EALD-MLLM: Emotion Analysis in Long-sequential and De-identity videos with Multi-modal Large Language Model

Emotion AI is the ability of computers to understand human emotional states. Existing works have achieved promising progress, but two limitations remain to be solved: 1) Previous studies have been more focused on short sequential video emotion analysis while overlooking long sequential video. However, the emotions in short sequential videos only reflect instantaneous emotions, which may be deliberately guided or hidden. In contrast, long sequential videos can reveal authentic emotions; 2) Previous studies commonly utilize various signals such as facial, speech, and even sensitive biological signals (e.g., electrocardiogram). However, due to the increasing demand for privacy, developing Emotion AI without relying on sensitive signals is becoming important.

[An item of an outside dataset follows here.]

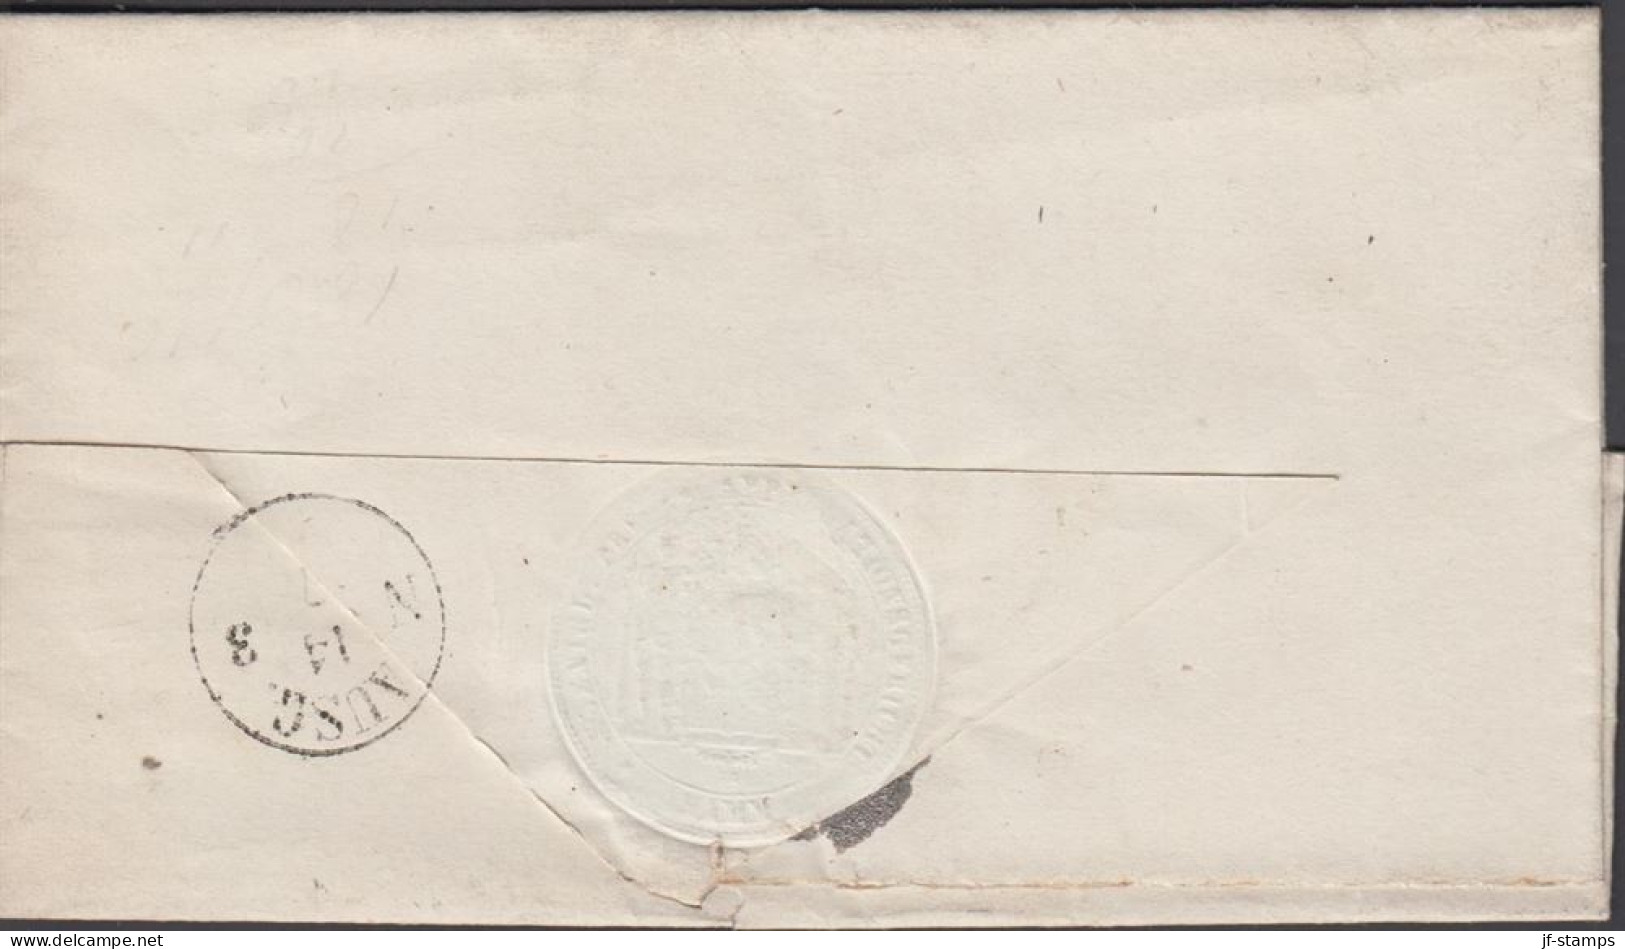 1855. DEUTSCHLAND. Fine Cover Cancelled HAMM 11/7 + The Unusual OVAL CANCEL Binge. Reverse Seal From GERIC... - JF436626 - Préphilatélie

To address the aforementioned limitations, in this paper, we construct a dataset for Emotion Analysis in Long-sequential and De-identity videos called EALD by collecting and processing the sequences of athletes' post-match interviews. In addition to providing annotations of the overall emotional state of each video, we also provide the Non-Facial Body Language (NFBL) annotations for each player. NFBL is an inner-driven emotional expression and can serve as an identity-free clue to understanding the emotional state. Moreover, we provide a simple but effective baseline for further research. More precisely, we evaluate the Multimodal Large Language Models (MLLMs) with de-identification signals (e.g., visual, speech, and NFBLs) to perform emotion analysis. Our experimental results demonstrate that: 1) MLLMs can achieve comparable, even better performance than the supervised single-modal models, even in a zero-shot scenario; 2) NFBL is an important cue in long sequential emotion analysis. EALD will be available on the open-source platform.

翻译：情感人工智能是计算机理解人类情绪状态的能力。现有研究虽已取得显著进展，但仍存在两个有待解决的问题：1）已有研究更多关注短时序列视频情感分析，而忽略了长时间序列视频。然而，短时序列视频中的情绪仅反映瞬时情感，可能被人为引导或隐藏；相比之下，长时序列视频更能揭示真实情绪；2）现有研究普遍使用面部、语音甚至敏感生物信号（如心电图）等多种信号。但随着隐私保护需求的日益增长，开发不依赖敏感信号的情感人工智能变得愈发重要。为克服上述局限，本文通过采集和处理运动员赛后采访的序列视频，构建了名为EALD的长时间序列与去身份视频情感分析数据集。除标注每段视频的整体情绪状态外，我们还为每位运动员提供了非面部身体语言（NFBL）标注。NFBL是由内在驱动的情绪表达，可作为去身份线索辅助理解情绪状态。此外，我们为后续研究提供了一个简单有效的基线方法。具体而言，我们评估了融合去身份信号（如视觉、语音及NFBL）的多模态大语言模型（MLLMs）在情感分析任务中的表现。实验结果表明：1）即使在零样本场景下，MLLMs也能达到甚至超越有监督单模态模型的性能；2）NFBL是长时间序列情感分析中的重要线索。EALD数据集将开源发布。